The three GOP candidates that people are most curious about have one characteristic in common: None are career politicians.
Real estate mogul Donald Trump, retired neurosurgeon Ben Carson, and former Hewlett-Packard CEO Carly Fiorina logged the most online searches of all the Republican presidential candidates, according to new data released by Google Wednesday morning.
The data ranks the candidates by most searched, the issues that are searched most in connection with each candidate’s name, and the top questions asked about each candidate. It also shows which names and issues that were searched for the most during the first debate.

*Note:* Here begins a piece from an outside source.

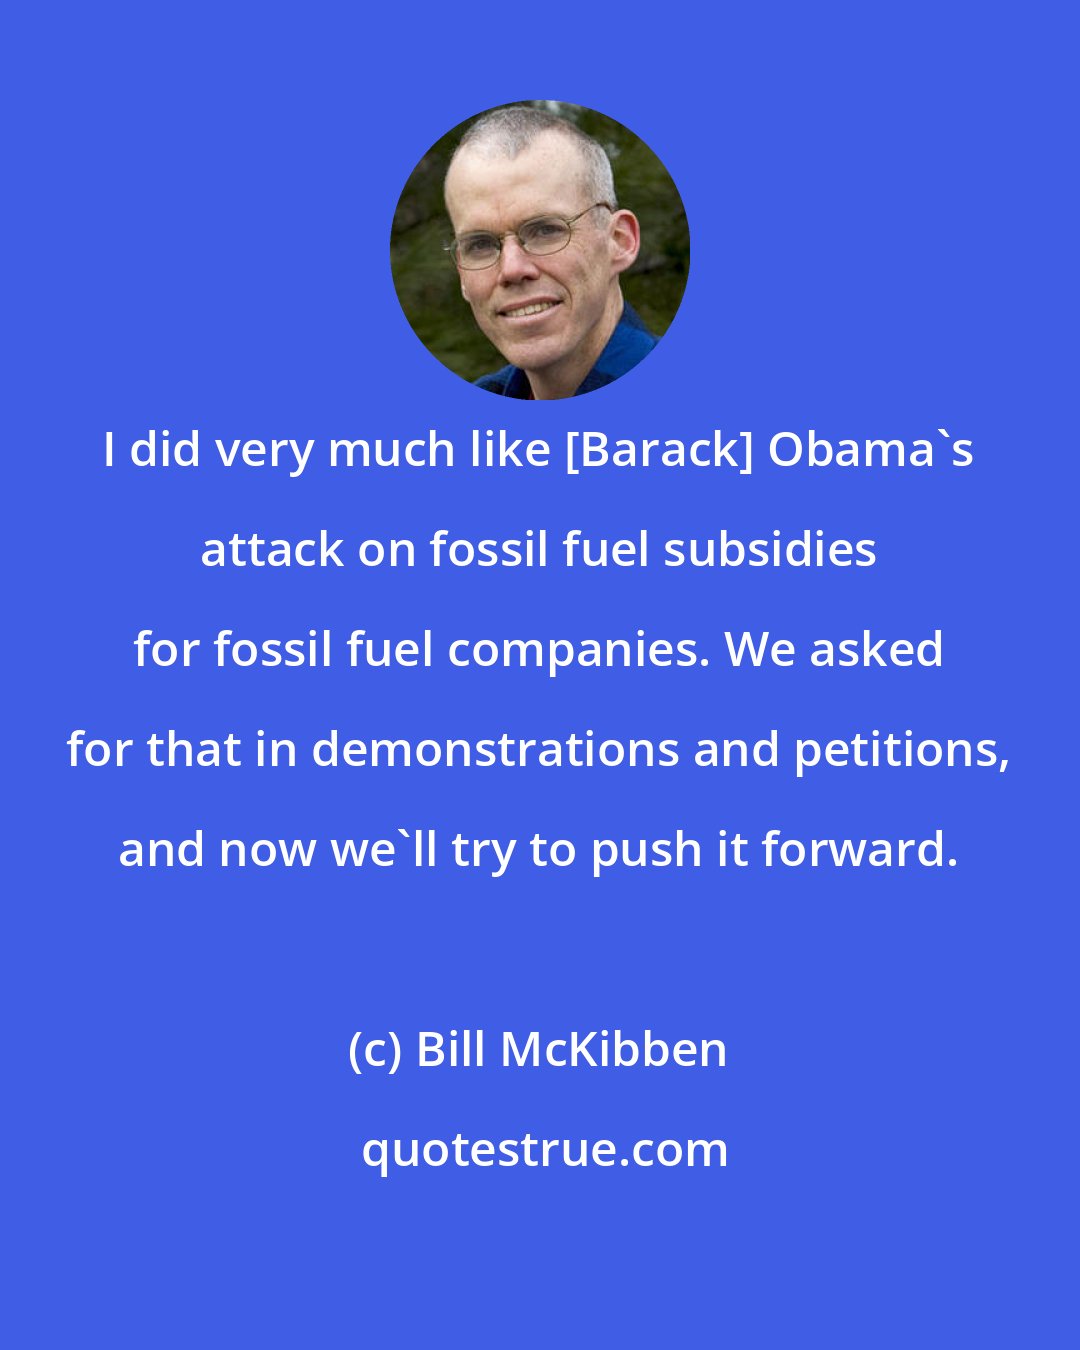 Bill McKibben: I did very much like [Barack] Obama's attack on fossil fuel subsidies for fossil fuel companies. We asked for that in demonstrations and petitions, and now we'll try to push it forward.

After the first Republican debate on Aug. 6, Google searches shifted to different candidates and their positions on new issues.
By the end of the main debate last month, Trump, Carson, Sen. Marco Rubio, former Gov. Jeb Bush, and Sen. Rand Paul were pulling in the most searches. With relation to the candidates, the topics of education, taxes, and abortion garnered the greatest number of searches.
Bush and former Gov. Mike Huckabee trailed Trump, Carson, and Fiorina in terms of search frequency.
The increased searches of Fiorina are likely a result of her clash with Republican front-runner Trump. The former Hewlett-Packard executive, who did not make the cut for the first debate, was the recent focus of one of Trump’s attacks. She responded to his remarks about her face and no one voting for “that” with a video instructing voters to look at her face as the only Republican woman running for president.
As a result of these back-and-forth exchanges with opponents, two of the top issues searched with Trump’s name are Carson and Fiorina. Tonight’s debate may address some of these disputes between Trump and other candidates. Fiorina has already vowed that Trump will be hearing from her.
The most frequently searched issues with each of the candidates are immigration, Kim Davis and abortion — all of which will likely be main topics of debate tonight.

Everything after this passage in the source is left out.